BEGIN

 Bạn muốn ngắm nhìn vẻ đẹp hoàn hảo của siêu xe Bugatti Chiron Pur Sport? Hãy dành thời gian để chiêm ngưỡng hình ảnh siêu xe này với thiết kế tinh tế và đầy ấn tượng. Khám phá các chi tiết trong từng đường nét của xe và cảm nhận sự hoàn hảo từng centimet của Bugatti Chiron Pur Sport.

END
BEGIN

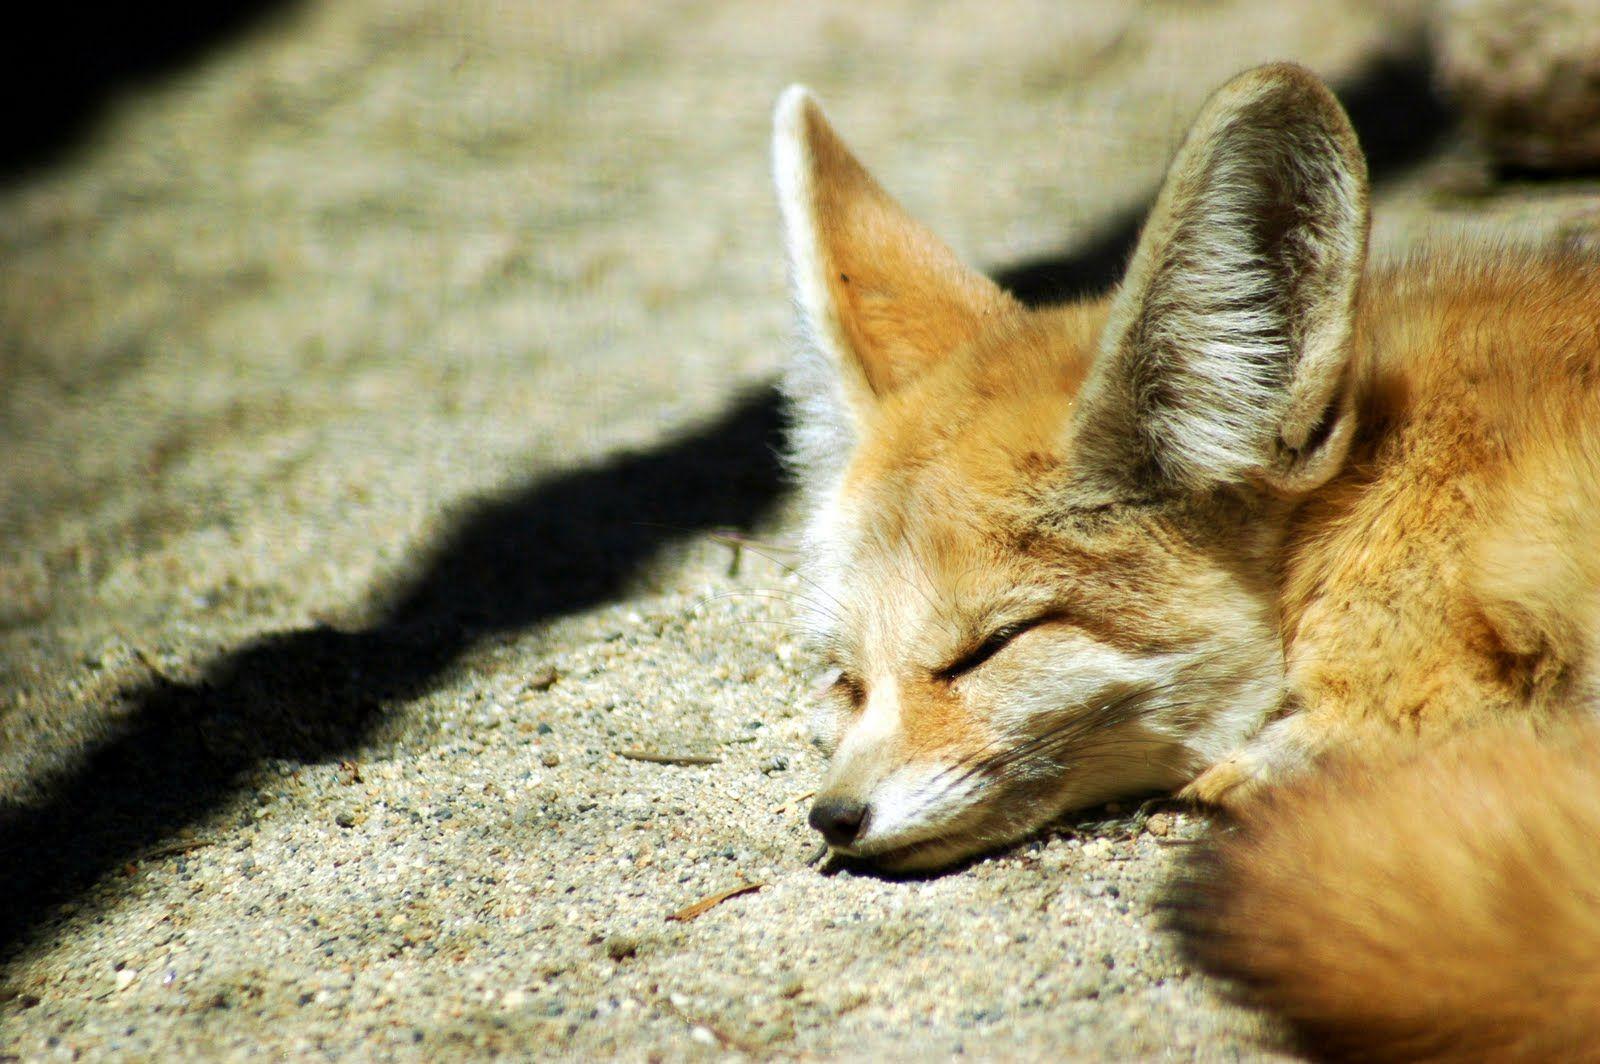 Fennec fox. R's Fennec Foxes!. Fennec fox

END
BEGIN

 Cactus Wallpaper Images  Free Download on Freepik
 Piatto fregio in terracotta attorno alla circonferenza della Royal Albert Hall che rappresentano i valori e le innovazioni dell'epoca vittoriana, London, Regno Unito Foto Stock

END

__WHAT TO WORK ON__: Output should match, line for line, the stretch of the material above from the line holding "Cactus Wallpaper Images" through the line holding "Piatto fregio in".

__EXERCISE RESPONSE__:
 Cactus Wallpaper Images  Free Download on Freepik
 Piatto fregio in terracotta attorno alla circonferenza della Royal Albert Hall che rappresentano i valori e le innovazioni dell'epoca vittoriana, London, Regno Unito Foto Stock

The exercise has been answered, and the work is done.